Start of The data

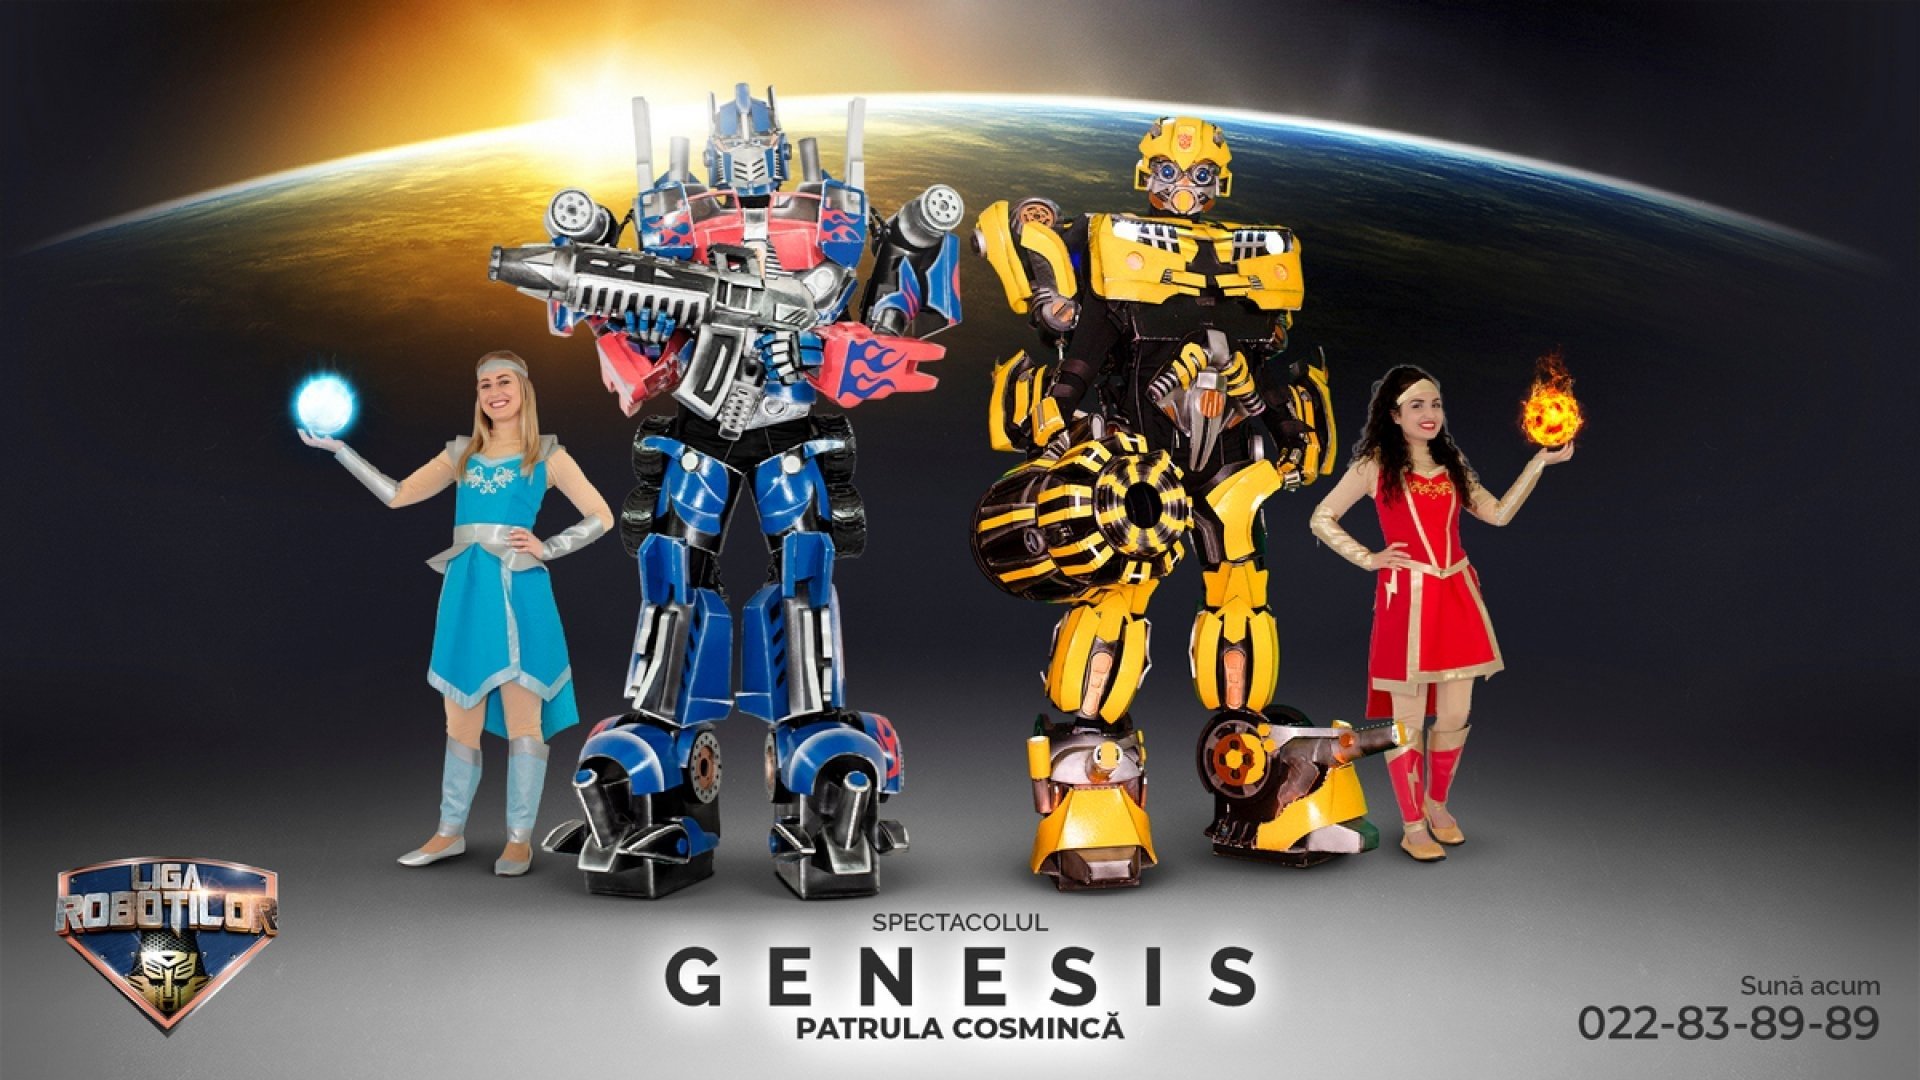 Genesis - Calatorie in Sistemul Solar | Spectacol Interactiv de Animatie pentru copii | Iunie 2022
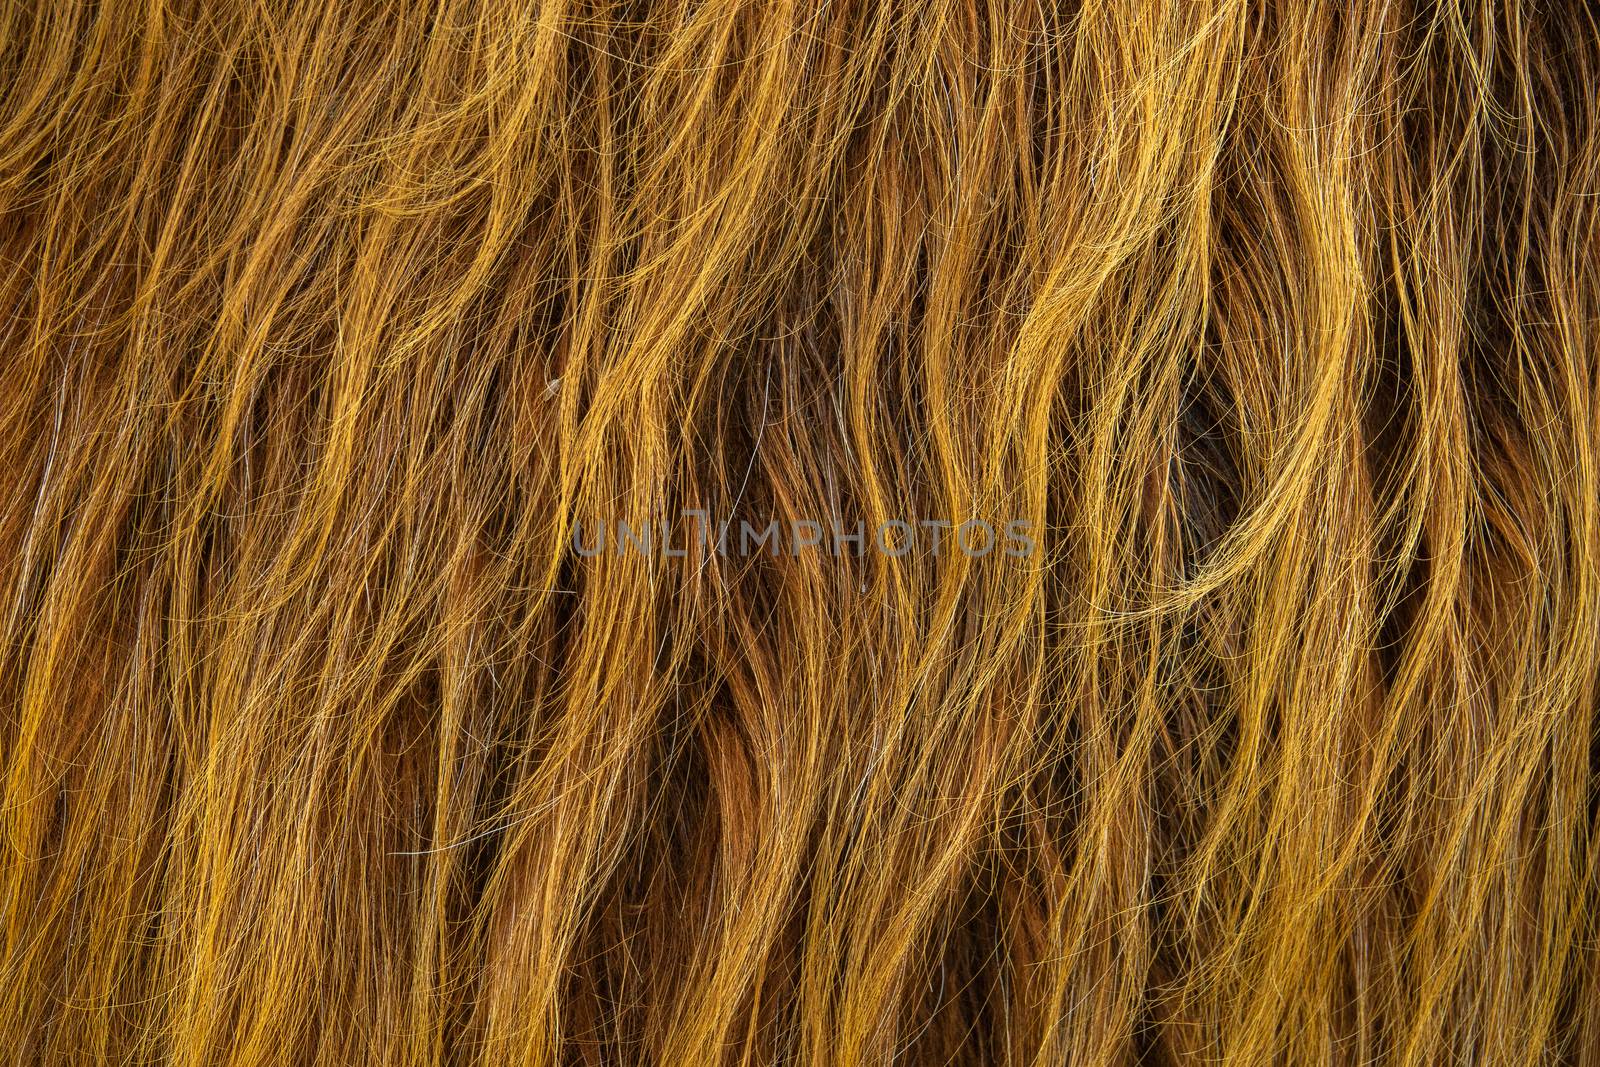 Scottish Highland Cow Hair Background by mrdoomits
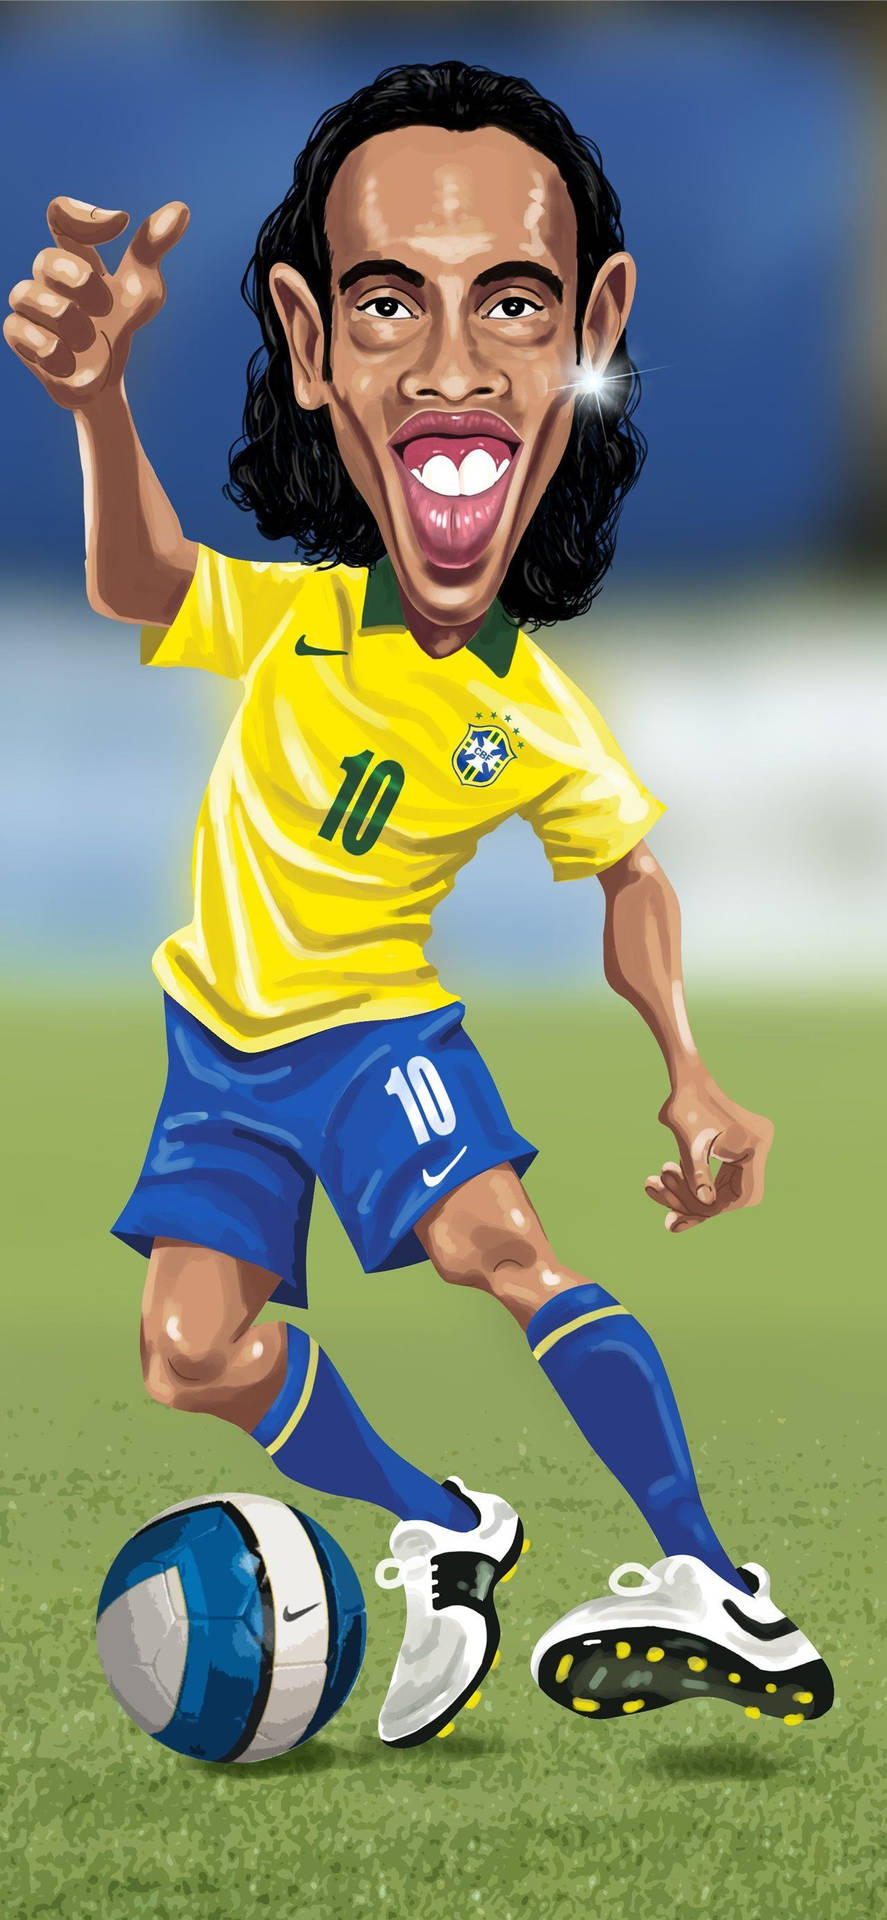 Funny Ronaldinho Caricature Wallpaper

End of The data

:: Exercise instructions ::
Wherever a picture appears, omit it; copy the rest of the data exactly.

:: Task solution ::
 Genesis - Calatorie in Sistemul Solar | Spectacol Interactiv de Animatie pentru copii | Iunie 2022
 Scottish Highland Cow Hair Background by mrdoomits
 Funny Ronaldinho Caricature Wallpaper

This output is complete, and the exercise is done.